Cell-type modeling in spatial transcriptomics data elucidates spatially variable colocalization and communication between cell-types in mouse brain.

作者信息

Grisanti Canozo Francisco Jose, Zuo Zhen, Martin James F, Samee Md Abul Hassan

机构信息

Baylor College of Medicine, Houston, TX 77030, USA; Texas Heart Institute, Houston, TX 77030, USA.

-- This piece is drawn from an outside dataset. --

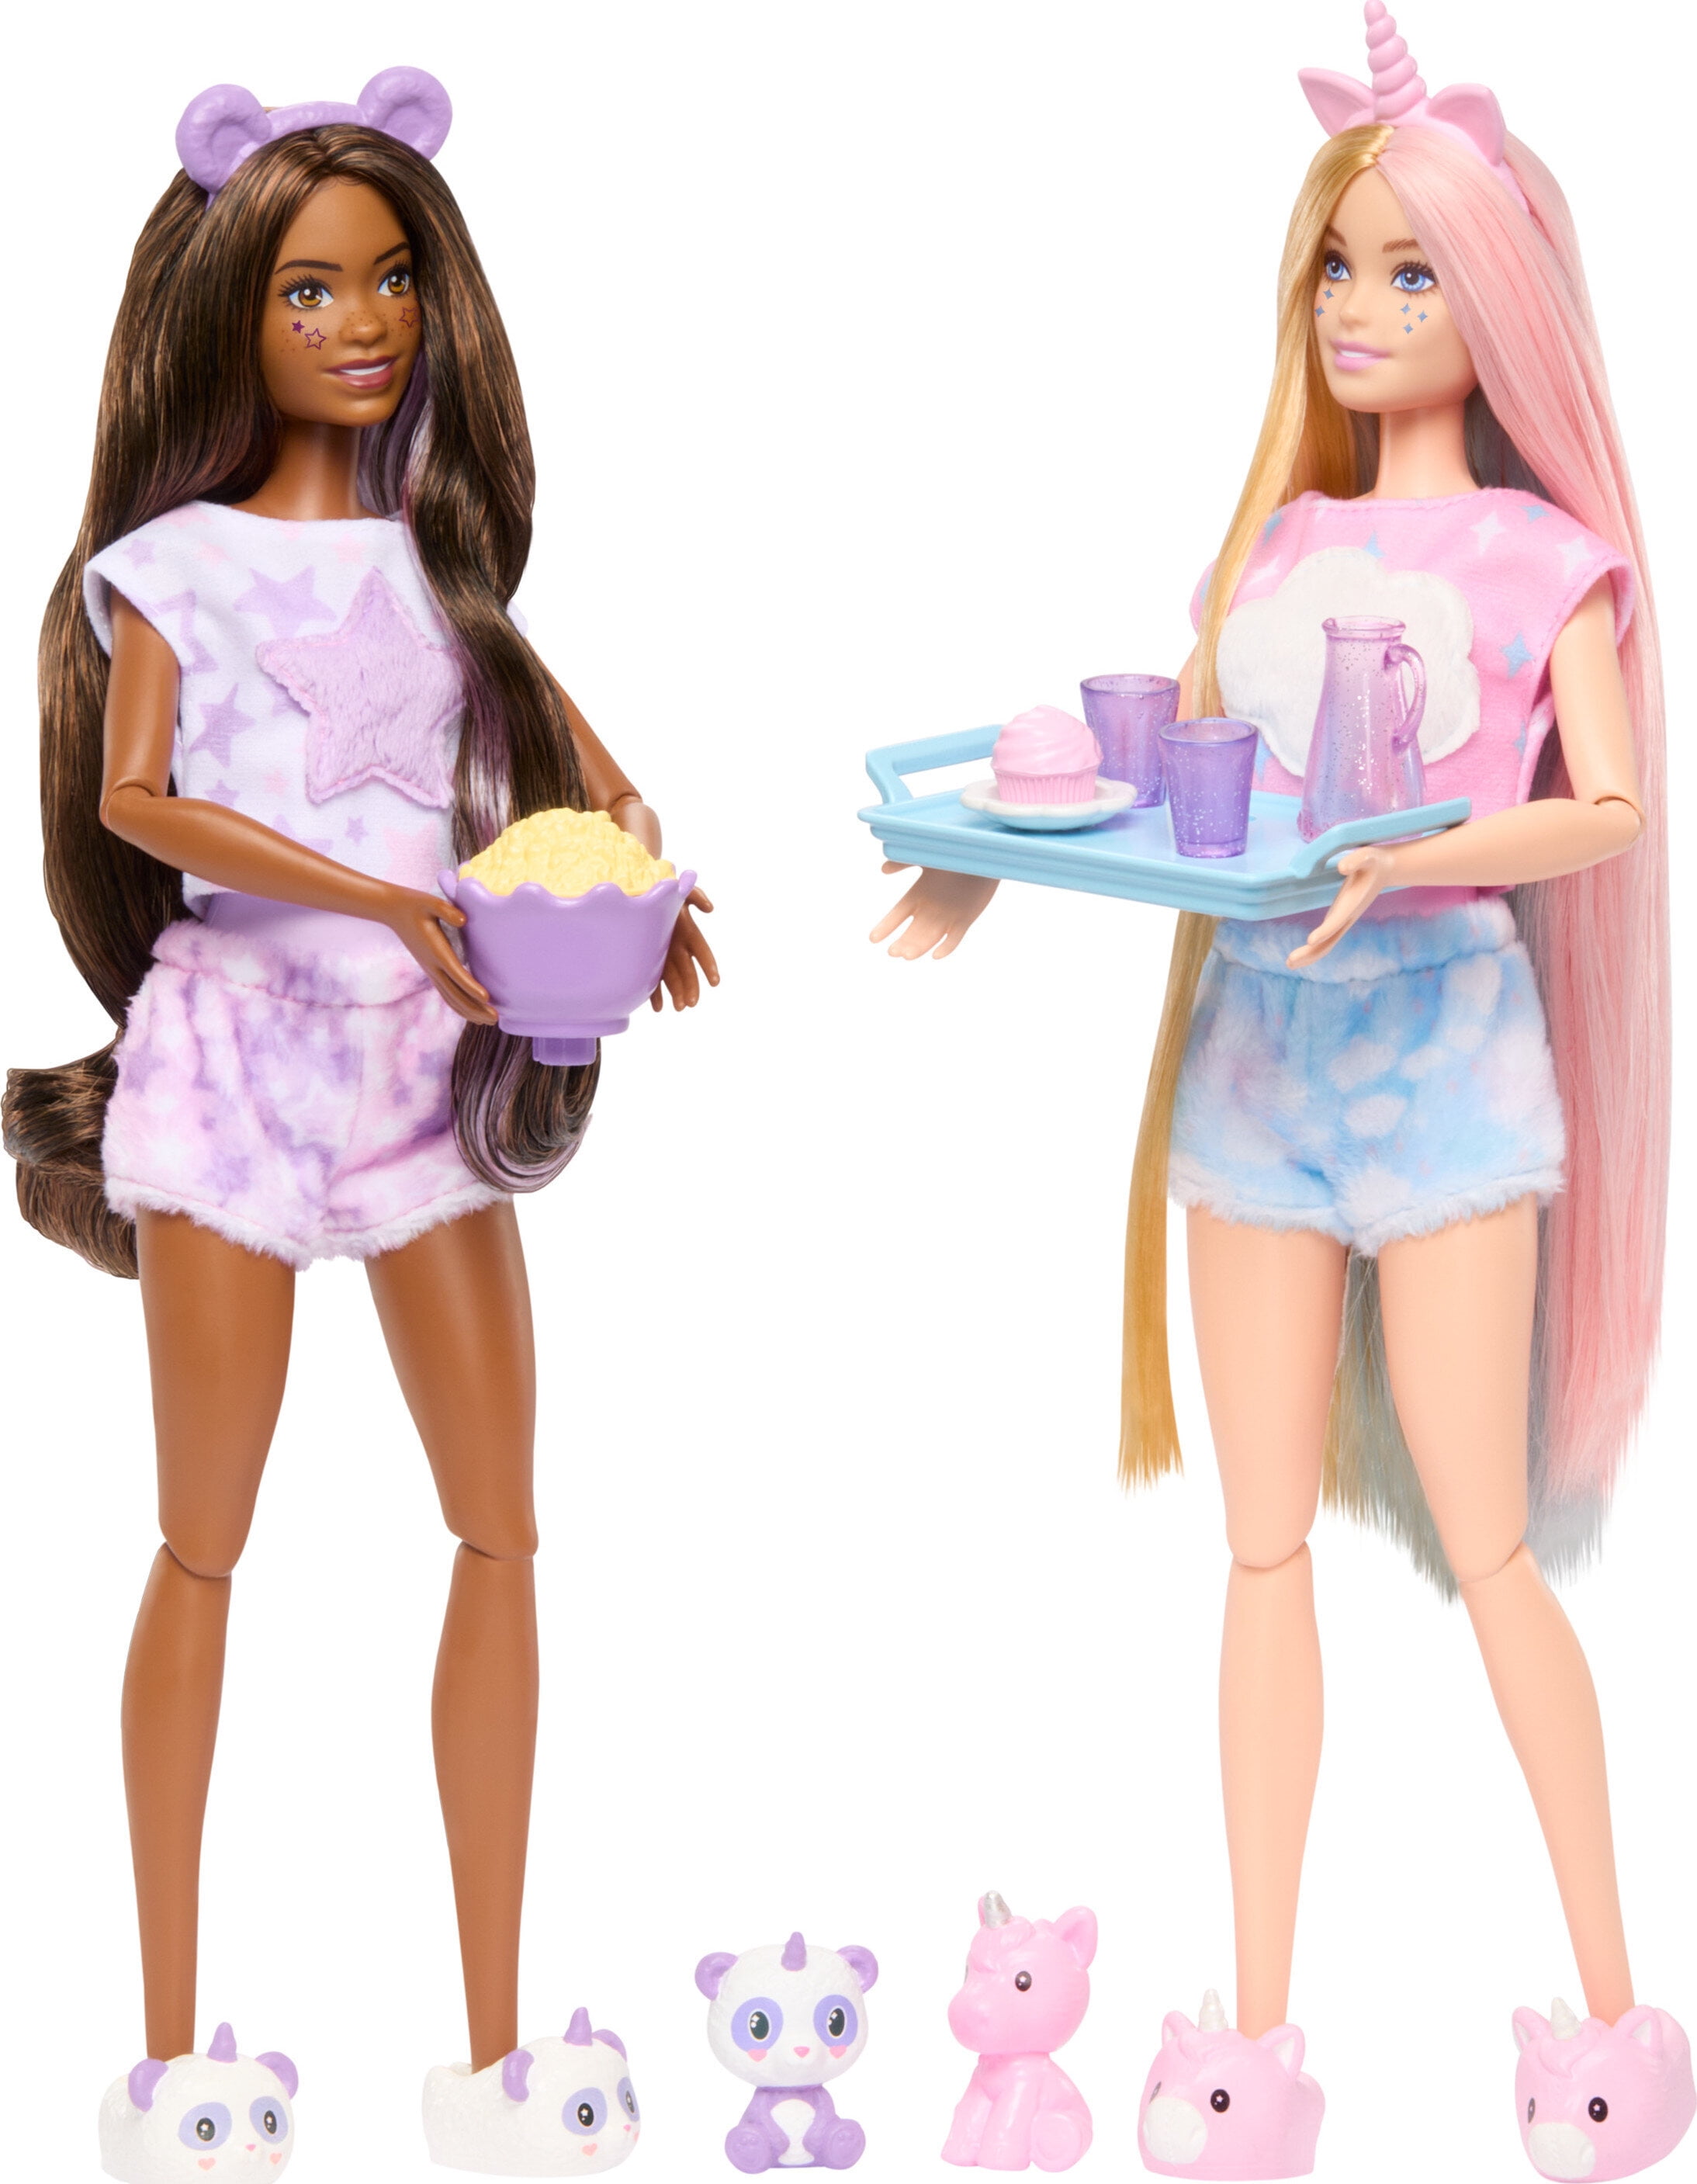 New Barbie collection celebrates the importance of wellness and

Baylor College of Medicine, Houston, TX 77030, USA.

出版信息

Cell Syst. 2022 Jan 19;13(1):58-70.e5. doi: 10.1016/j.cels.2021.09.004. Epub 2021 Oct 8.

DOI:10.1016/j.cels.2021.09.004
PMID:34626538
原文链接:https://pmc.ncbi.nlm.nih.gov/articles/PMC8776574/
Abstract

Single-cell spatial transcriptomics (sc-ST) holds the promise to elucidate architectural aspects of complex tissues. Such analyses require modeling cell types in sc-ST datasets through their integration with single-cell RNA-seq datasets. However, this integration, is nontrivial since the two technologies differ widely in the number of profiled genes, and the datasets often do not share many marker genes for given cell types. We developed a neural network model, spatial transcriptomics cell-types assignment using neural networks (STANN), to overcome these challenges. Analysis of STANN's predicted cell types in mouse olfactory bulb (MOB) sc-ST data delineated MOB architecture beyond its morphological layer-based conventional description. We find that cell-type proportions remain consistent within individual morphological layers but vary significantly between layers. Notably, even within a layer, cellular colocalization patterns and intercellular communication mechanisms show high spatial variations. These observations imply a refinement of major cell types into subtypes characterized by spatially localized gene regulatory networks and receptor-ligand usage.

摘要

单细胞空间转录组学(sc-ST)有望阐明复杂组织的结构特征。此类分析需要通过将sc-ST数据集与单细胞RNA测序数据集整合,来对其中的细胞类型进行建模。然而,这种整合并非易事,因为这两种技术在已分析基因的数量上差异很大,而且对于给定的细胞类型,数据集通常没有许多共享的标记基因。我们开发了一种神经网络模型——利用神经网络进行空间转录组学细胞类型分配(STANN),以克服这些挑战。对小鼠嗅球(MOB)sc-ST数据中STANN预测的细胞类型进行分析,揭示了MOB的结构,超出了其基于形态学层的传统描述。我们发现,细胞类型比例在单个形态学层内保持一致,但在不同层之间有显著差异。值得注意的是,即使在一层内,细胞共定位模式和细胞间通讯机制也表现出高度的空间变异性。这些观察结果意味着将主要细胞类型细化为以空间定位的基因调控网络和受体-配体使用为特征的亚型。